--- Recorded data Enclosed Below ---
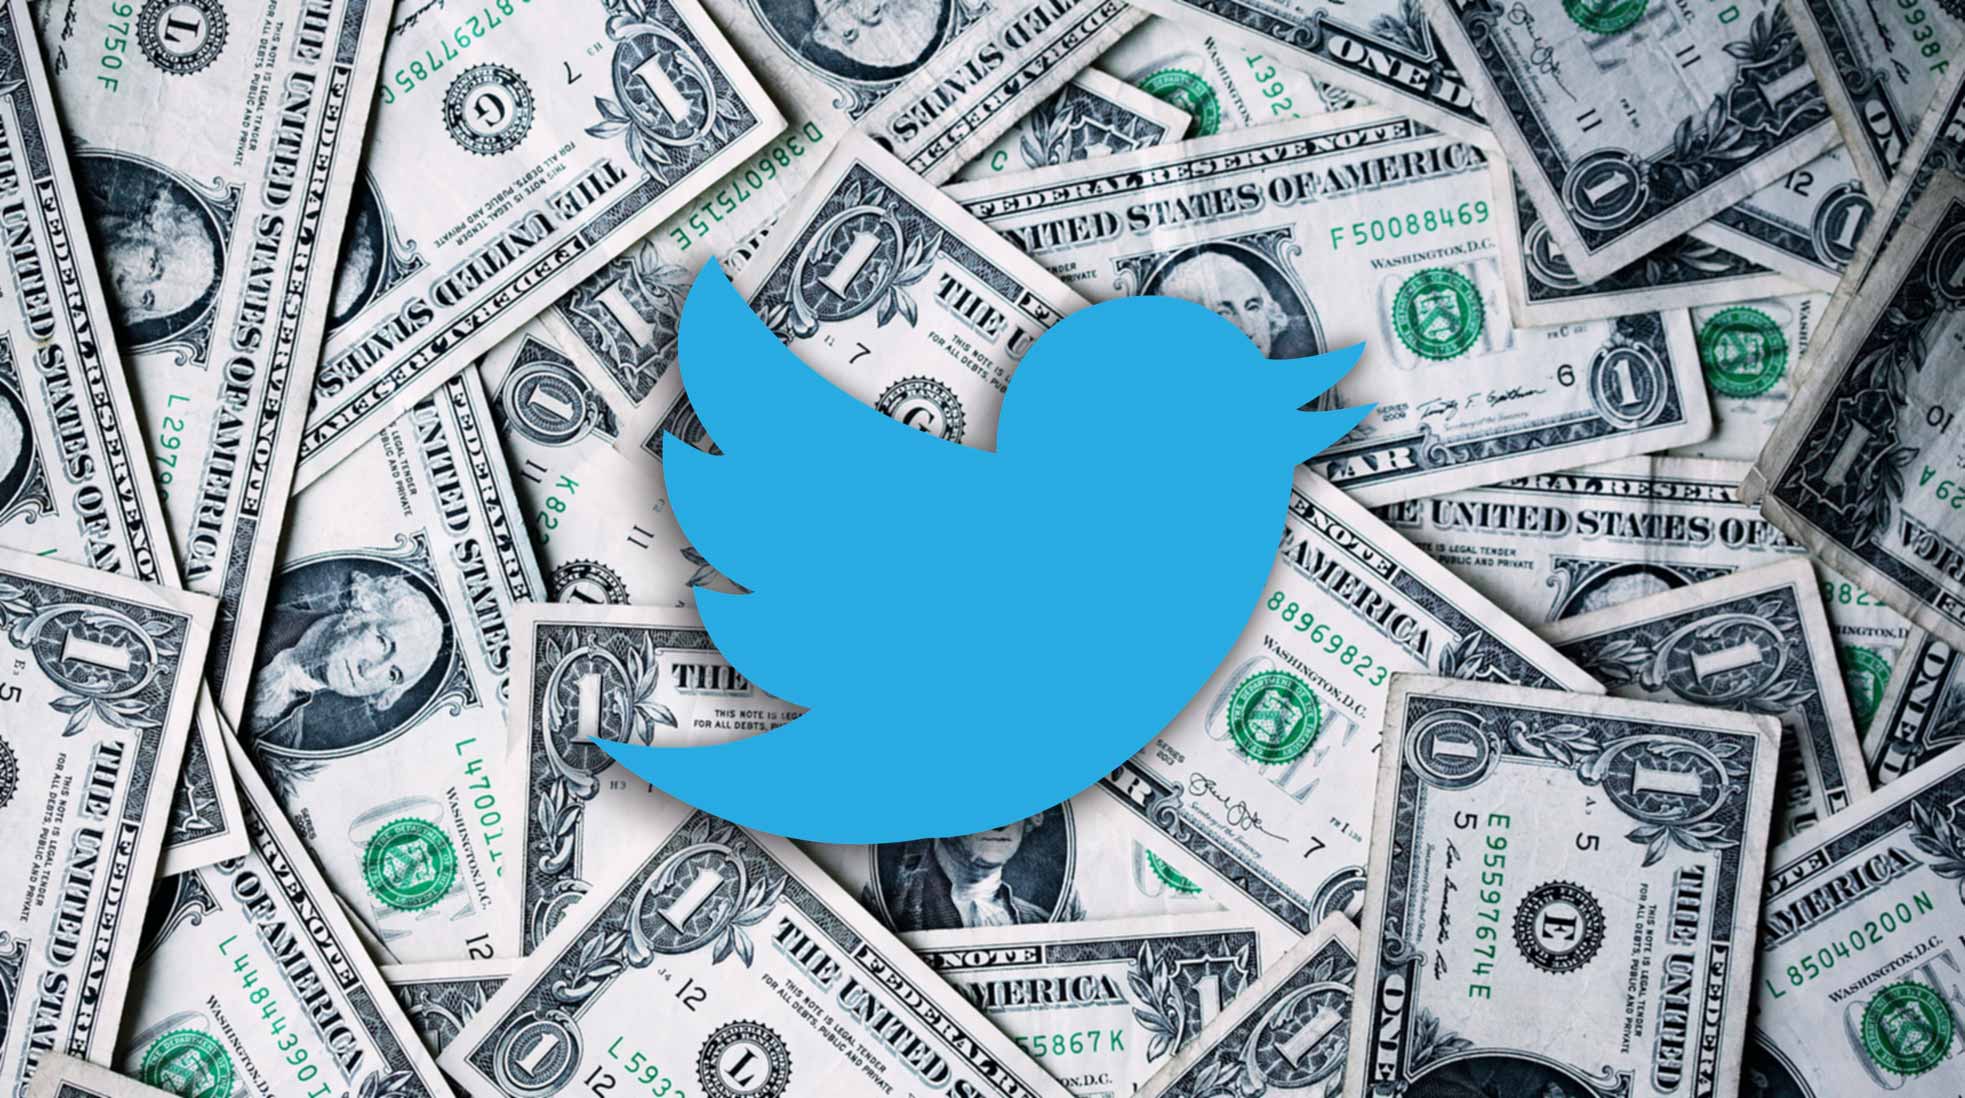 En dollar per år – det blir priset för den som vill skriva på Twitter/X. Foto: Alexander Grey/Unsplash, twitterfågel: Mudassar Iqbal/Pixabay. Kollage: Media.nu
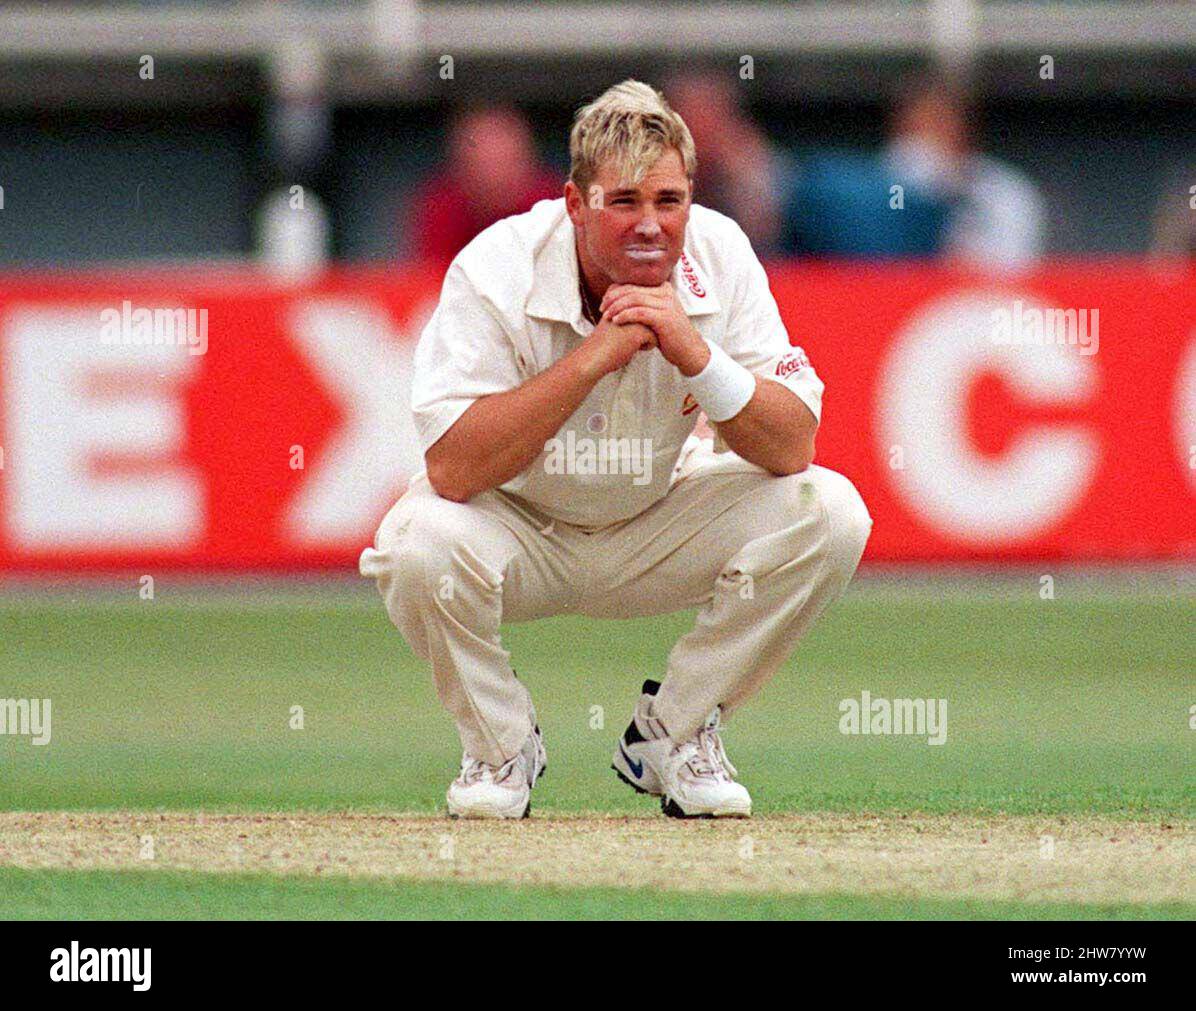 Aktenfoto vom 05-06-1997 von Australiens Shane Warne. Der ehemalige australische Cricketspieler Shane Warne ist im Alter von 52 Jahren gestorben, teilte seine Managementfirma MPC Entertainment in einer Erklärung mit. Ausgabedatum: Freitag, 4. März 2022. Stockfoto
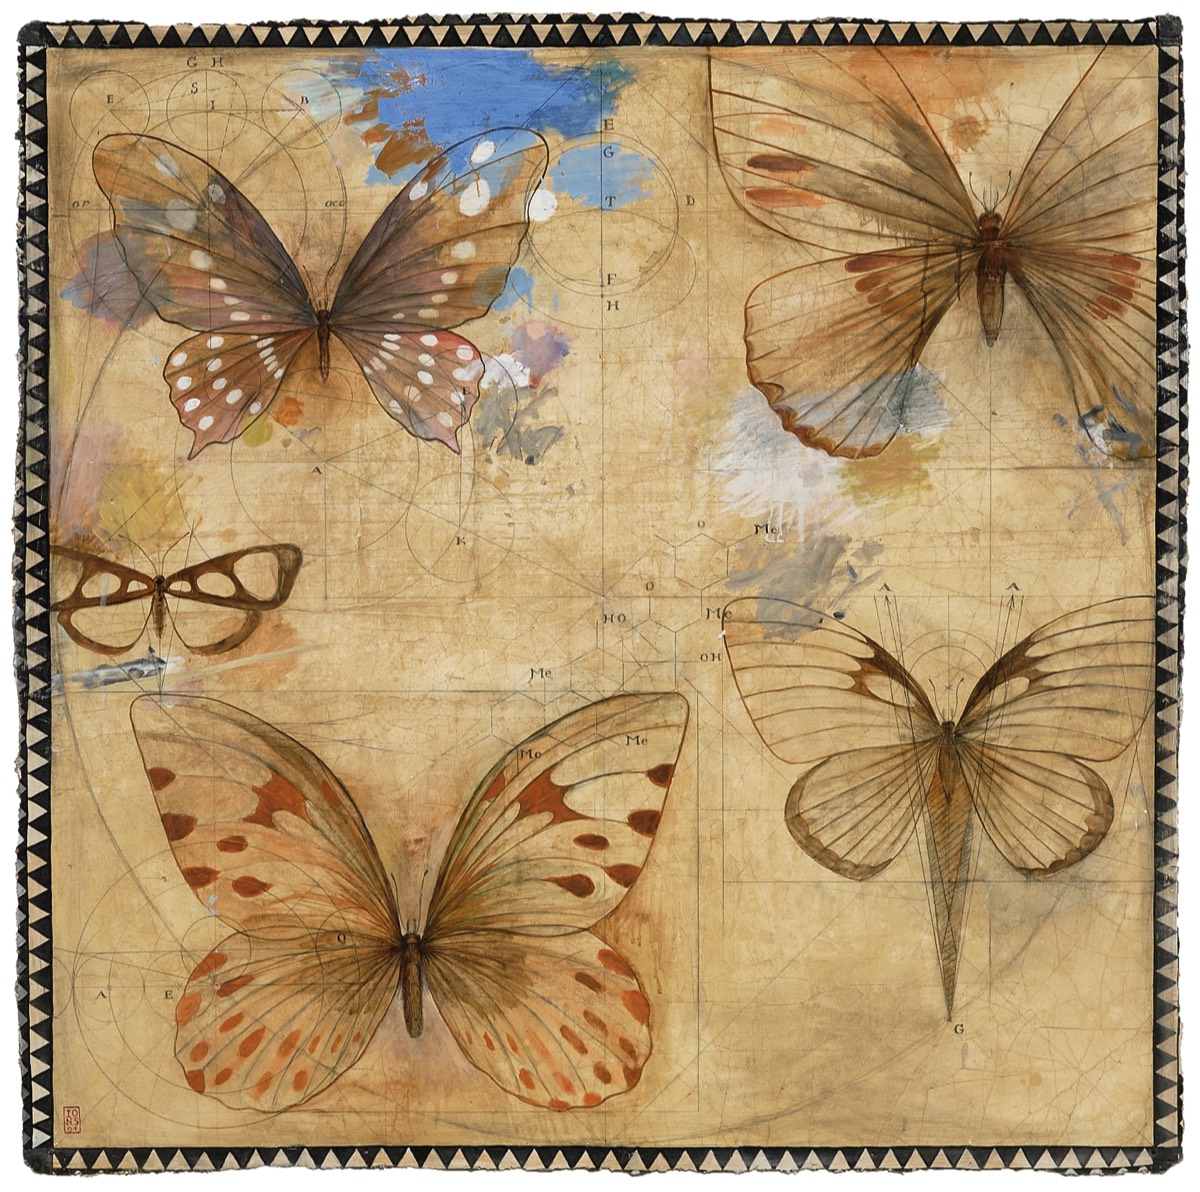 Papillons, 2001 - 160 x 160 cm
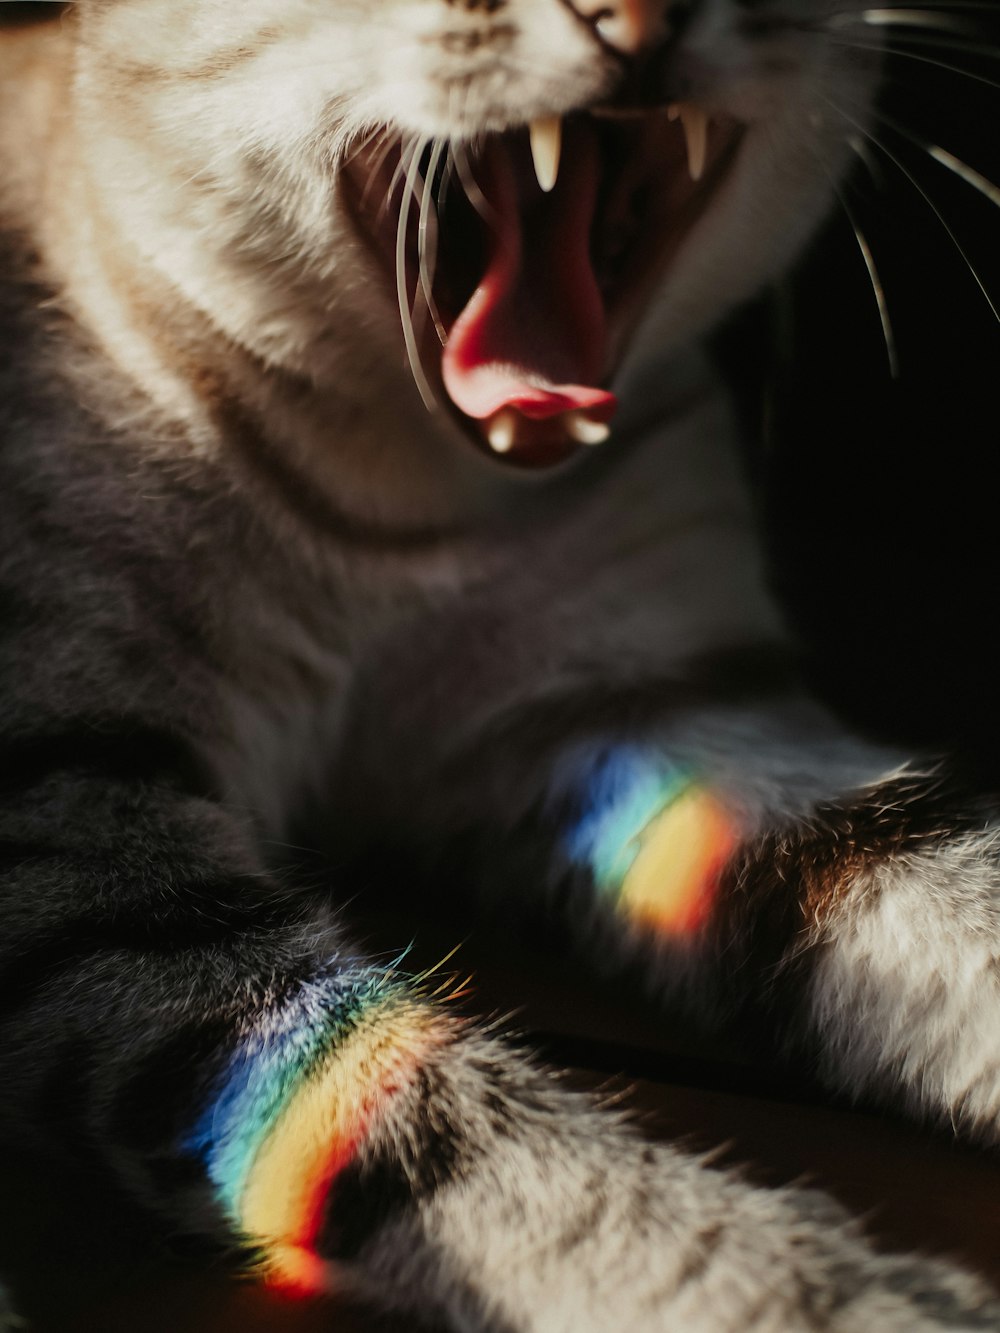 Un primo piano di un gatto con la bocca aperta
--- End of Enclosed Recorded data ---
Go through the listing and restate each line word for word, leaving out the pictures.

## Answer to the exercise
 En dollar per år – det blir priset för den som vill skriva på Twitter/X. Foto: Alexander Grey/Unsplash, twitterfågel: Mudassar Iqbal/Pixabay. Kollage: Media.nu
 Aktenfoto vom 05-06-1997 von Australiens Shane Warne. Der ehemalige australische Cricketspieler Shane Warne ist im Alter von 52 Jahren gestorben, teilte seine Managementfirma MPC Entertainment in einer Erklärung mit. Ausgabedatum: Freitag, 4. März 2022. Stockfoto
 Papillons, 2001 - 160 x 160 cm
 Un primo piano di un gatto con la bocca aperta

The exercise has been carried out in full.